Daerah tempat penugasan saya pun daerah sulit.Mempunyai kebanggaan yang besar terhadap sejarah perlawanannya menentang Belanda, dan juga tidak terlalu senang terhadap Jakarta. Islam sangat kuat, laki-lakinya berwatak congkak. Saya perempuan Jawa, orang asing, tidak boleh sekali-kali menonjol-nonjolkan diri. Jangan sekali-kali saya berusaha menampilkan diri sebagai guru yang serba tahu. Jadi saya harus menunggu saja, sampai mereka sendiri datang kepada saya dan mengemukakan persoalan mereka. Kader-kader yang bekerja di daerah ini tidak banyak mendapat pendidikan, dan juga sangat sedikit pengetahuan mereka tentang apa sebenanrya yang dibela Gerwani, dan apa yang dicita-citakannya. Melalui rapat-rapat saya menjadi tahu, siapa-siapa di antara mereka yang paling cerdas. Lalu perempuan itu saya dekati, dan perlahan-lahan saya mencoba menerangkan serba sedikit tentang organisasi, kegiatan-kegiatannya, dan seterusnya dan seterusnya.

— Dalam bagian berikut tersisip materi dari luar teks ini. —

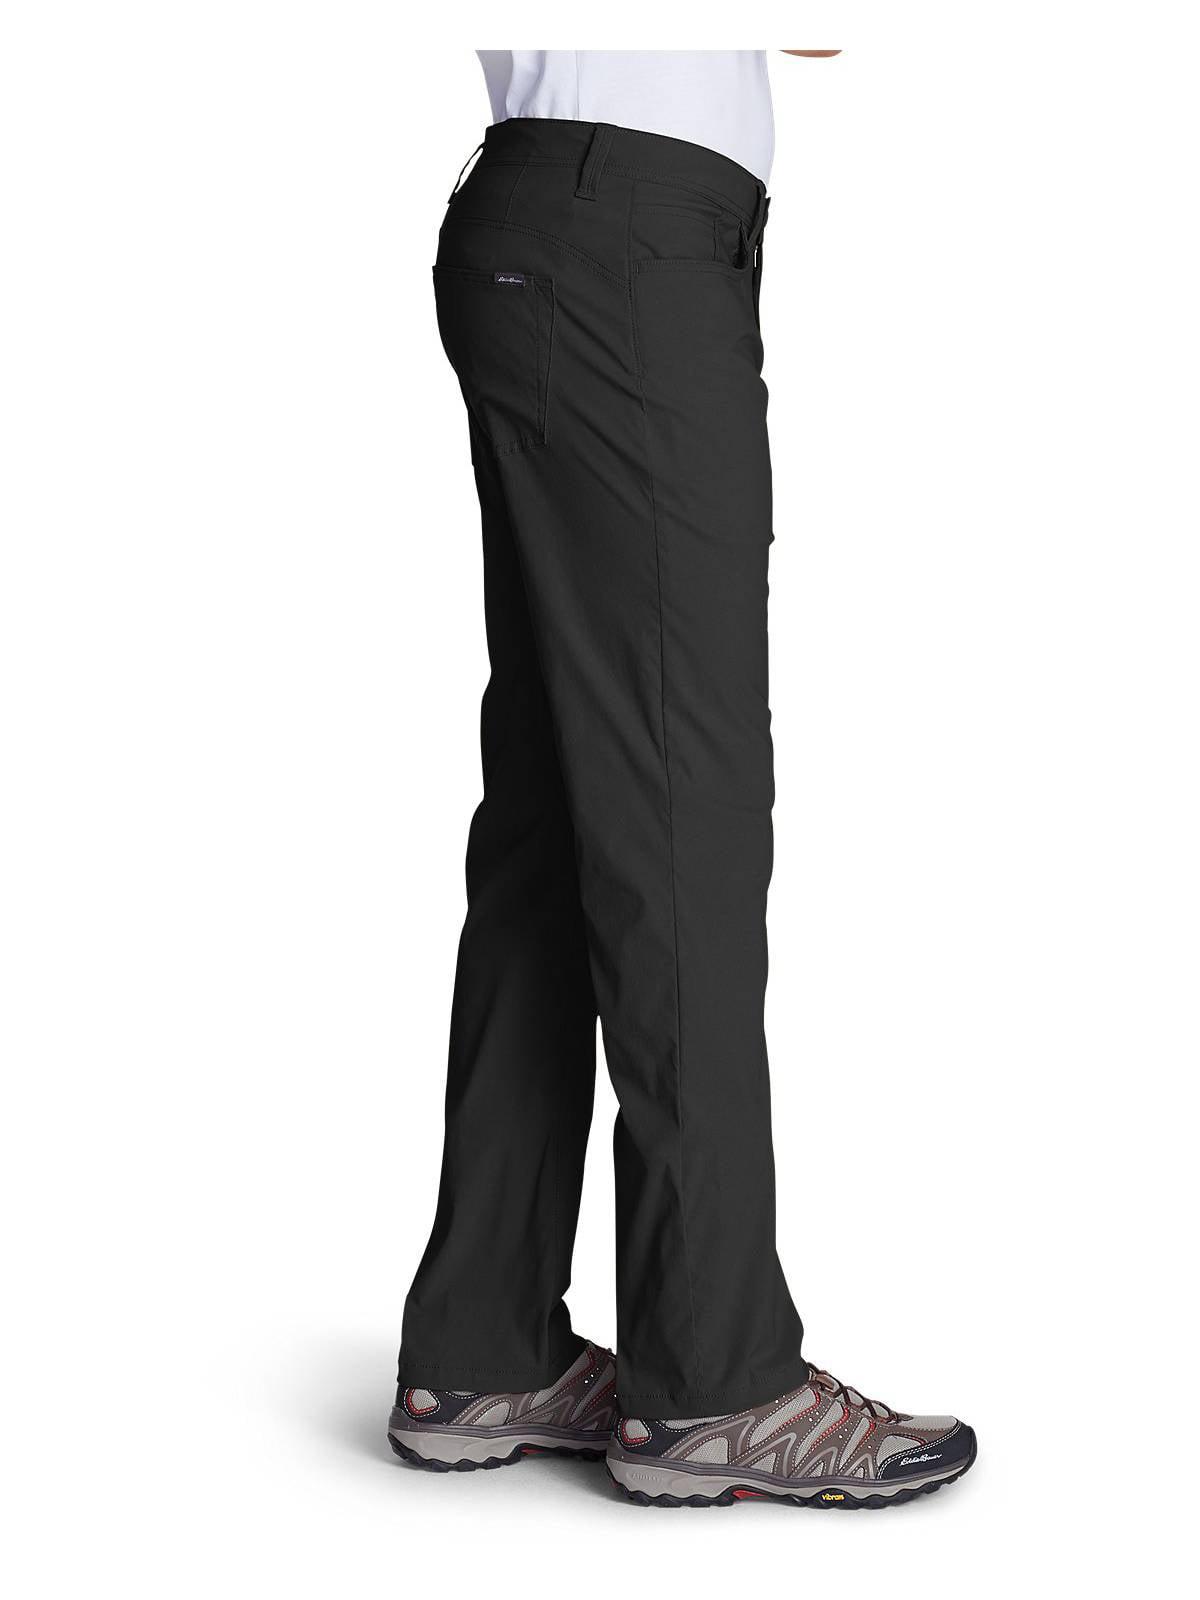 Straight Fit Eddie Bauer Mens Horizon Guide Five-Pocket Pants

Tetapi saya samaseklai tidak boleh menampak sebagai pemimpin. Untuk pemimpin haruslah seseorang dari daerah ini sendiri.,

Sungguh sangat berat buat saya untuk bisa menyesuaikan diri. Oleh karena saya tidak biasa hidup ditengah-tengah daerah yang sangat kuat Islamnya, dimana perempuan tidak bisa bergerak leluasa. Akhirnya saya mendapat jalan untuk lebih memudahkan orang-orang perempuan itu datang menhadiri rapat-rapat kami. Mereka banyak mengenal tari-tarian setempat. Laki-laki melarang istri mereka keluar rumah jika sendiri-sendiri, tetapi tidak jika merka pergi bersama-sama. Lalu kami membentruk kelompok-kelompok kesenian, menari dan menyanyi, yang tidak terlarang bagi kaum perempuan. Tetapi kami tidak berhenti di situ. Kelompok-kelompok ini kami beri isi. Kami berdiskusi tentang soal-soal sehari-hari bersama mereka. Dengan sangat mudah kita bisa mendidik perempuan tentang soal-soal ekonomi melalui kegiatan arisan. Sekali kita mulai bicara tentang bagaimana yang sebaik-baiknyta perempuan membelanjakan uangnya, seketika itu tibalah pada soal tentang kenaikan harga-harga. Dari situ lalu bisalah kita bicara tentang siapa yang bertanggung-jawab dalam persoalan harga tersebut. Lalu bisalah sudah kita mulai bicara secara langsung tentang pendidikan politik.

Sesudah akhirnya mereka mengerti tentang apa cita-cita Gerwani, banyak orang-orang perempuan yanng memberikan dukungan kuat pada kami, walaupun mereka itu beragama Islam. Mereka membenci suami mereka yang berpoligami, dan senang menghadiri rapat-rapat kami untuk membahas persoalan itu. Mereka juga sangat senang belajar bagaimana mebuat kue-kue, dan membahas masalah situasi politik. Yang paling menarik untuk anak-anak gadis ialah hak menikah atas dasar suka sama suka, sedangkan untuk ibu-ibu khususnya masalah perjuangan melawan poligami. Juga kaum buruh perempuan sangat senang mendapat dukungan kami untuk tuntutan mereka, agar tersedia balai penitipan anak dengan biaya pembayaran yang rendah.